Each line of the listing below must be retyped exactly, with images left out.

- [EXERCISE DATA]:

────

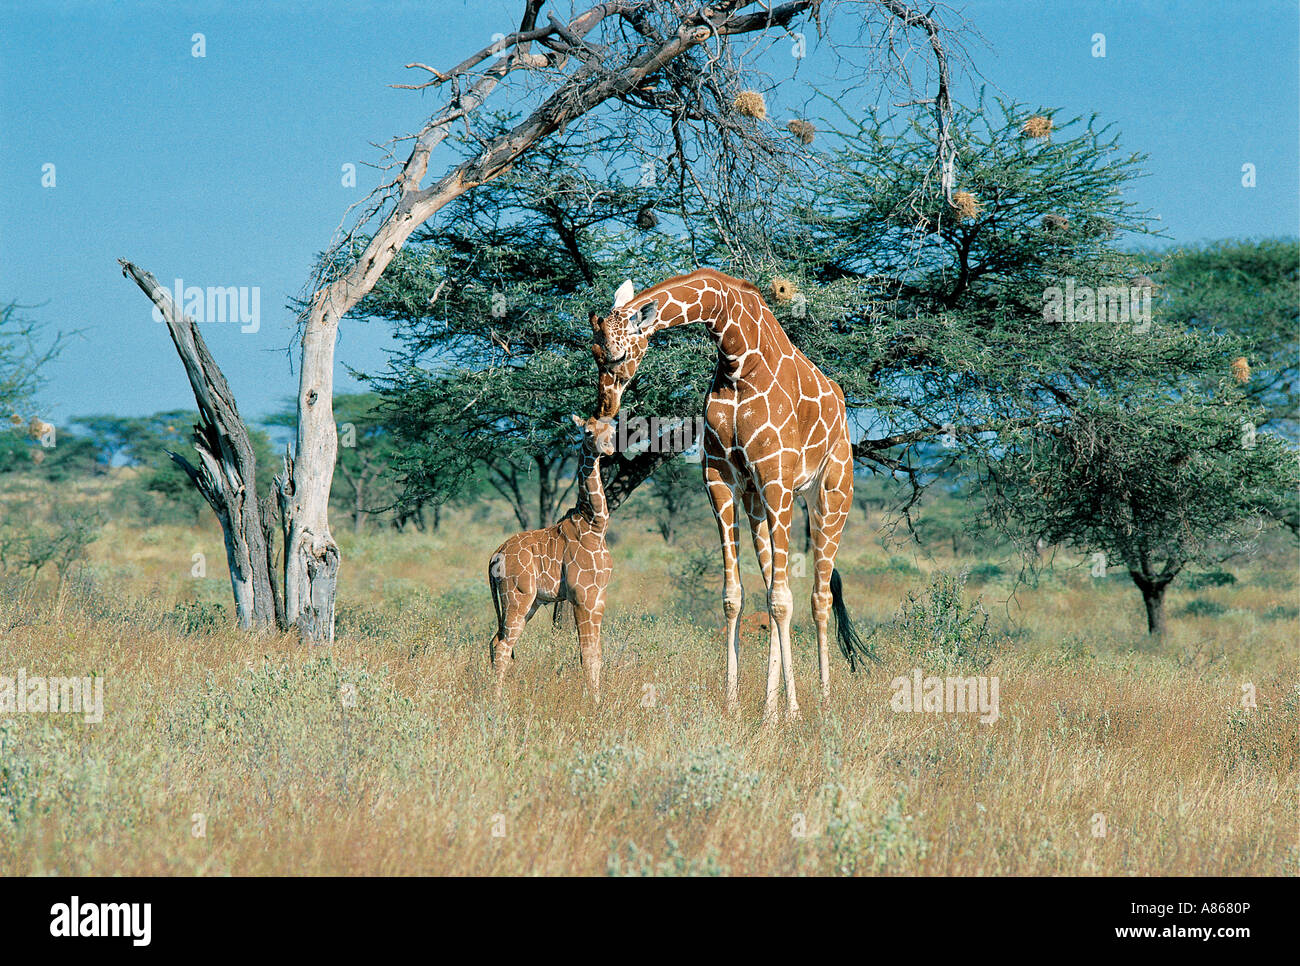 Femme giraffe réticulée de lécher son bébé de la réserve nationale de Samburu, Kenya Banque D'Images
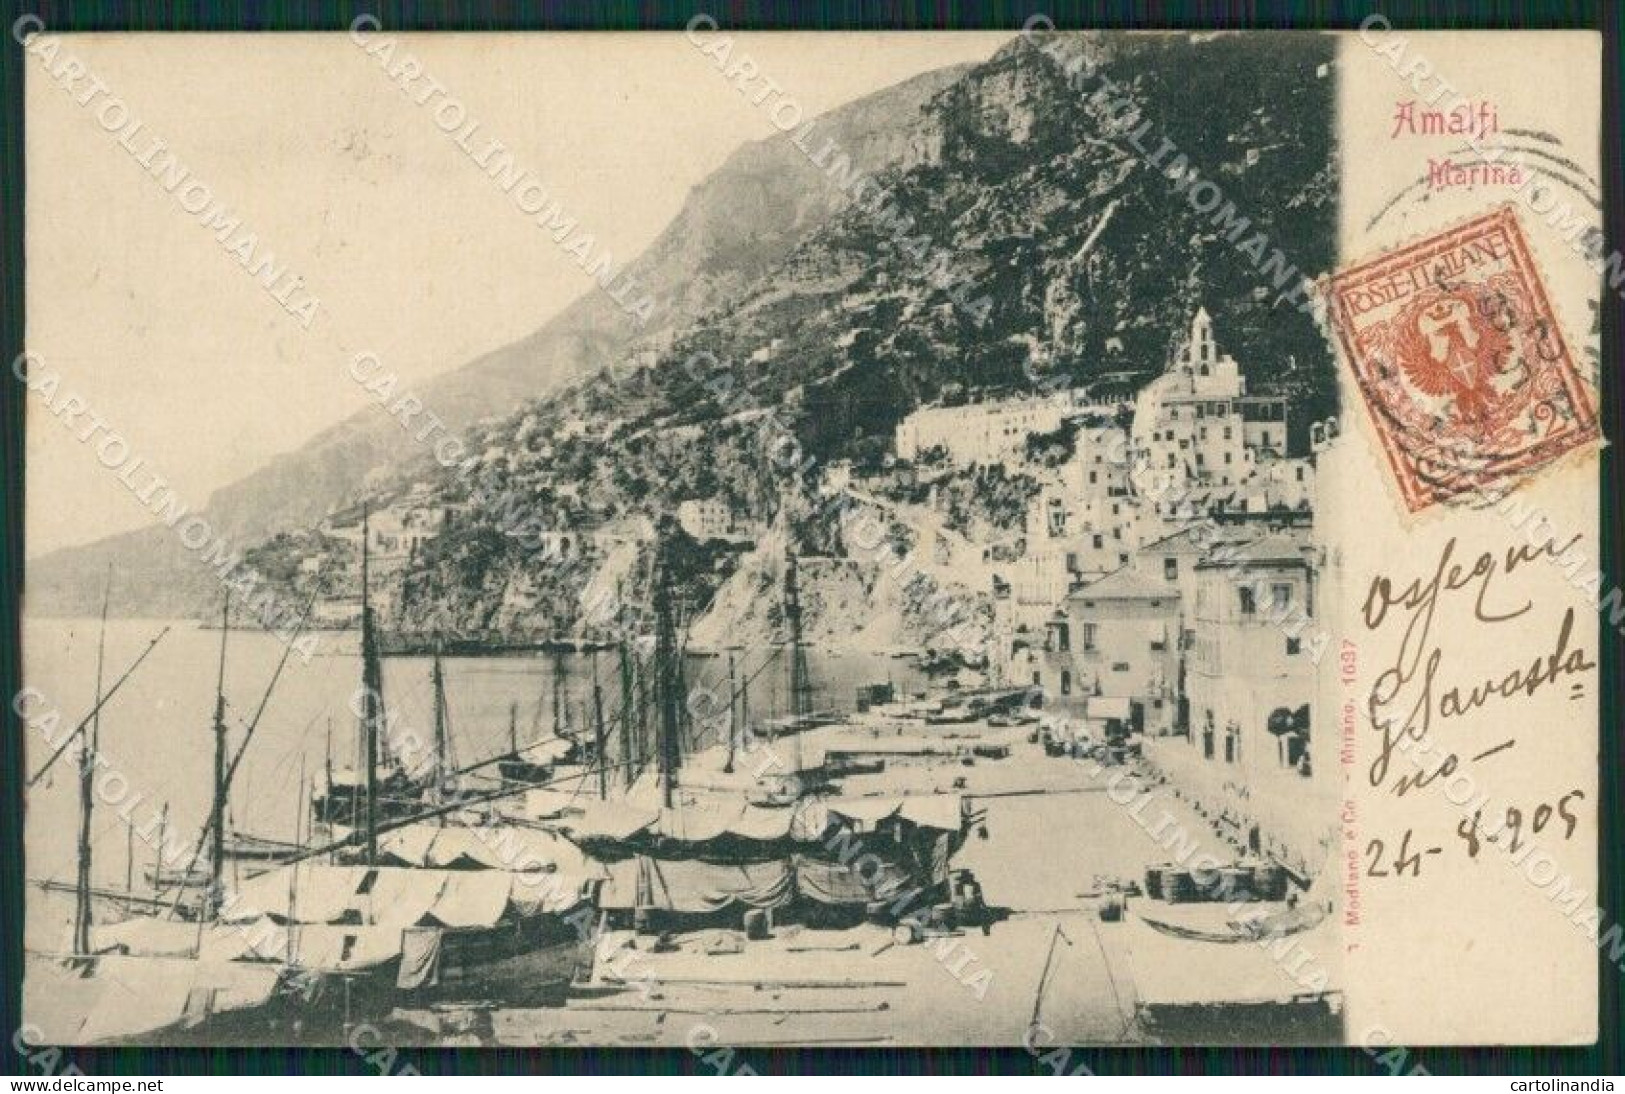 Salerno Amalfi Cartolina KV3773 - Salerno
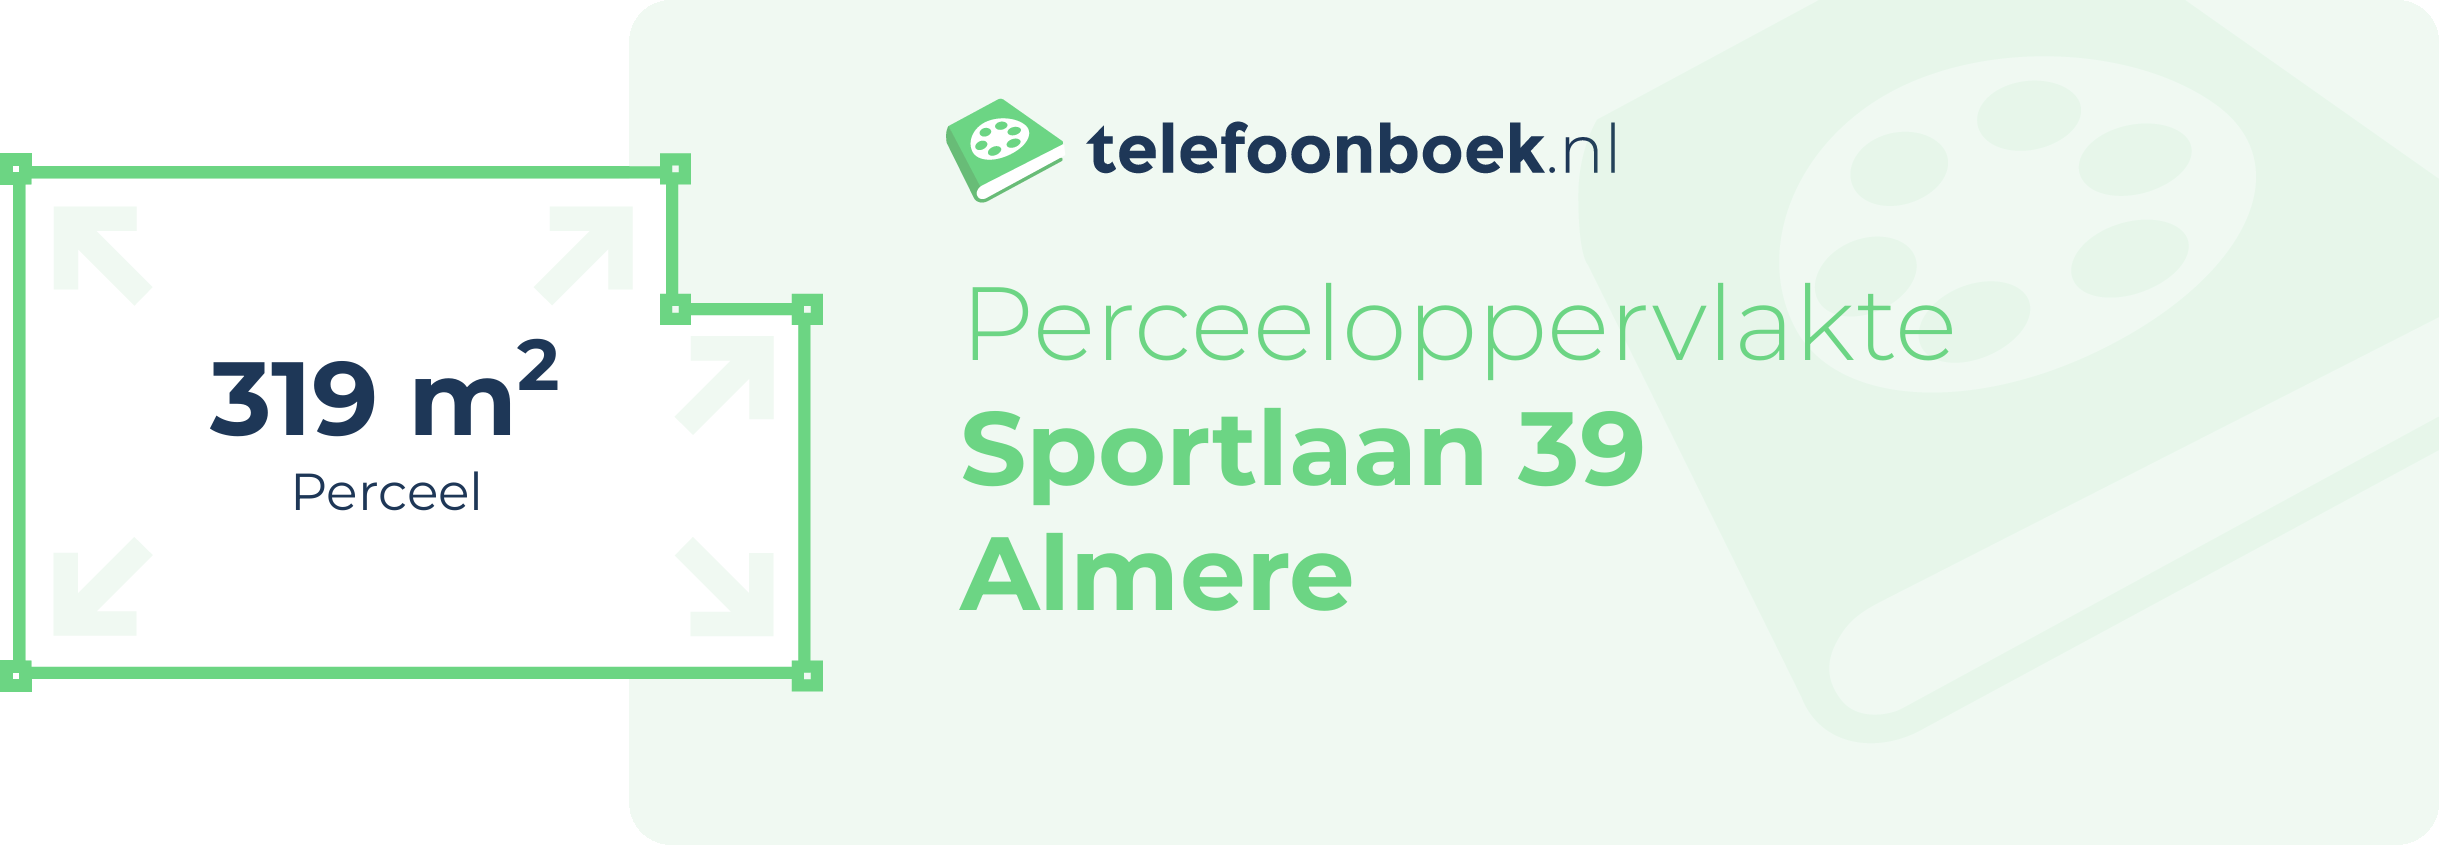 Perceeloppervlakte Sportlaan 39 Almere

────

- [REPLY TO THE TASK]:
 Femme giraffe réticulée de lécher son bébé de la réserve nationale de Samburu, Kenya Banque D'Images
 Salerno Amalfi Cartolina KV3773 - Salerno
 Perceeloppervlakte Sportlaan 39 Almere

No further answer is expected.